[The data Boundary: Start]
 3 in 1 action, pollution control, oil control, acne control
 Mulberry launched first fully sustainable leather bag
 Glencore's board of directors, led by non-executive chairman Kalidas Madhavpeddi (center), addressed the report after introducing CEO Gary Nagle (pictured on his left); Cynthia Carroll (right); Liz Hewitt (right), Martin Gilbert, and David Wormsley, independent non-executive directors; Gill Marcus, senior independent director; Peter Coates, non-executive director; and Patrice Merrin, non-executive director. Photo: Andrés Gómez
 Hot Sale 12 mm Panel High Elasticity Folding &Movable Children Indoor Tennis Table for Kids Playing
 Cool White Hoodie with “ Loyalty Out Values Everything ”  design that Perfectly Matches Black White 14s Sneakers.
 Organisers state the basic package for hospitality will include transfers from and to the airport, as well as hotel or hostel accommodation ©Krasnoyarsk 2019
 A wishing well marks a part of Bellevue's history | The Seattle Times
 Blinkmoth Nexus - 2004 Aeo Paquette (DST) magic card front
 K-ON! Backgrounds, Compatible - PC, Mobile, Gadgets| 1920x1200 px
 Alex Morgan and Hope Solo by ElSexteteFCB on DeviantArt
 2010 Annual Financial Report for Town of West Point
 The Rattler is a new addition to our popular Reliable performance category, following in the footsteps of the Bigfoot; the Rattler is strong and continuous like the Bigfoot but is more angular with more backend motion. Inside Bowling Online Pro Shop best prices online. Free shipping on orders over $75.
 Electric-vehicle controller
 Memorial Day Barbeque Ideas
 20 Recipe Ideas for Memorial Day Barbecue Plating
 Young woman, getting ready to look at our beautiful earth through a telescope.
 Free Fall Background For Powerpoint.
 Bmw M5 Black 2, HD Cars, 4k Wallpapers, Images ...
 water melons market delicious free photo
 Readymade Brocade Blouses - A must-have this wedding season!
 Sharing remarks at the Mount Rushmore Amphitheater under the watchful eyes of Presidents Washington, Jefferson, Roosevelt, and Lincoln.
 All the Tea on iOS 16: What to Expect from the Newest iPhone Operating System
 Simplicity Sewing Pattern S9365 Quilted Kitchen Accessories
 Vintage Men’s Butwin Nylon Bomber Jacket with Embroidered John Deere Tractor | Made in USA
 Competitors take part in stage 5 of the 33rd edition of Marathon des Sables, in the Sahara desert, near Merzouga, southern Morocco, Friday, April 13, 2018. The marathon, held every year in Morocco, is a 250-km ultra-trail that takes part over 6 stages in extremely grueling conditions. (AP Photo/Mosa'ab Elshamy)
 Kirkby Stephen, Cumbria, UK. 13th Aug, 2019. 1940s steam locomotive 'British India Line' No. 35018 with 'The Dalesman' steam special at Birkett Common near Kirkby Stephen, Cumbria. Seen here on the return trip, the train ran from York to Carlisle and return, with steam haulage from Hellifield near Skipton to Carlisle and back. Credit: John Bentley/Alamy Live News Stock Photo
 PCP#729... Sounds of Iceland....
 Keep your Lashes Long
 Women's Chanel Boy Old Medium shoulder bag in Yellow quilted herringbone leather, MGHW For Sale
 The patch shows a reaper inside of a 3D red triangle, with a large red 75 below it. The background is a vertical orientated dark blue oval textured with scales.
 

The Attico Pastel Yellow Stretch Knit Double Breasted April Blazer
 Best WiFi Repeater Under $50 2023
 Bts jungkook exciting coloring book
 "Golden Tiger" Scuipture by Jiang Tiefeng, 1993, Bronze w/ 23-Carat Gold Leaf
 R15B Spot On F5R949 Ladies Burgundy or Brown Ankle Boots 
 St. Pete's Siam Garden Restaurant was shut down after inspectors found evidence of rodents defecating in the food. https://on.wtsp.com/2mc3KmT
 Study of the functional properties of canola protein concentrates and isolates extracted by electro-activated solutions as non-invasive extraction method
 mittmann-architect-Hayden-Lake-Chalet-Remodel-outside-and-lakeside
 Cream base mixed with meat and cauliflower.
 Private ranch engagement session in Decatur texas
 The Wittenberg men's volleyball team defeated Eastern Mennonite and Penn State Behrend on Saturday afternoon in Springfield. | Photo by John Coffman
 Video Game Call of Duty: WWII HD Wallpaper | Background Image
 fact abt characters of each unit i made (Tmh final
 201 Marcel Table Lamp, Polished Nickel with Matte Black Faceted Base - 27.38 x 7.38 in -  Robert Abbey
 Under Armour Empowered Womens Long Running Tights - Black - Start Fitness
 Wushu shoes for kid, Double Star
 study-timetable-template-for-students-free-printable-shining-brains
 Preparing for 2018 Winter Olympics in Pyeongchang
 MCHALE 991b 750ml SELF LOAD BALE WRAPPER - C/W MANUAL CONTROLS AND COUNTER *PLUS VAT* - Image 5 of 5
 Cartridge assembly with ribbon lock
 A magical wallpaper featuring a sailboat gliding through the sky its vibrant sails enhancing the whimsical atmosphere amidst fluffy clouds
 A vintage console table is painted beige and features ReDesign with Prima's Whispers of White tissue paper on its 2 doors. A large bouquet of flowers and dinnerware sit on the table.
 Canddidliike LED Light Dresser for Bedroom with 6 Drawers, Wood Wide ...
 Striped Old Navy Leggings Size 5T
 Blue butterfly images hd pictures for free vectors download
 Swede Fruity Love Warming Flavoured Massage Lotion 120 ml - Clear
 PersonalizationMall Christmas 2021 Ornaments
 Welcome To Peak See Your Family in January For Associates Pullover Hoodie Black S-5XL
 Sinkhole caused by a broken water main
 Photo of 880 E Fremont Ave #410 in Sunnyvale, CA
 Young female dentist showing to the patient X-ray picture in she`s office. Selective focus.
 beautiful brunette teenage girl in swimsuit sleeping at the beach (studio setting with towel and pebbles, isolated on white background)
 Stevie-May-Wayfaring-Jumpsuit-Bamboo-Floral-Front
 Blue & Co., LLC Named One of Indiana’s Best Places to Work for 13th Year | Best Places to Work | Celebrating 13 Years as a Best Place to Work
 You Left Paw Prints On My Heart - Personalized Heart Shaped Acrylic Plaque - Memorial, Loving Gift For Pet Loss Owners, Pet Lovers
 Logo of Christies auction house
[The data Boundary: End]
_Exercise directions_:
Pick out every line above that contains the word "Long" and copy it.

_Response for this exercise_:
 Keep your Lashes Long
 Under Armour Empowered Womens Long Running Tights - Black - Start Fitness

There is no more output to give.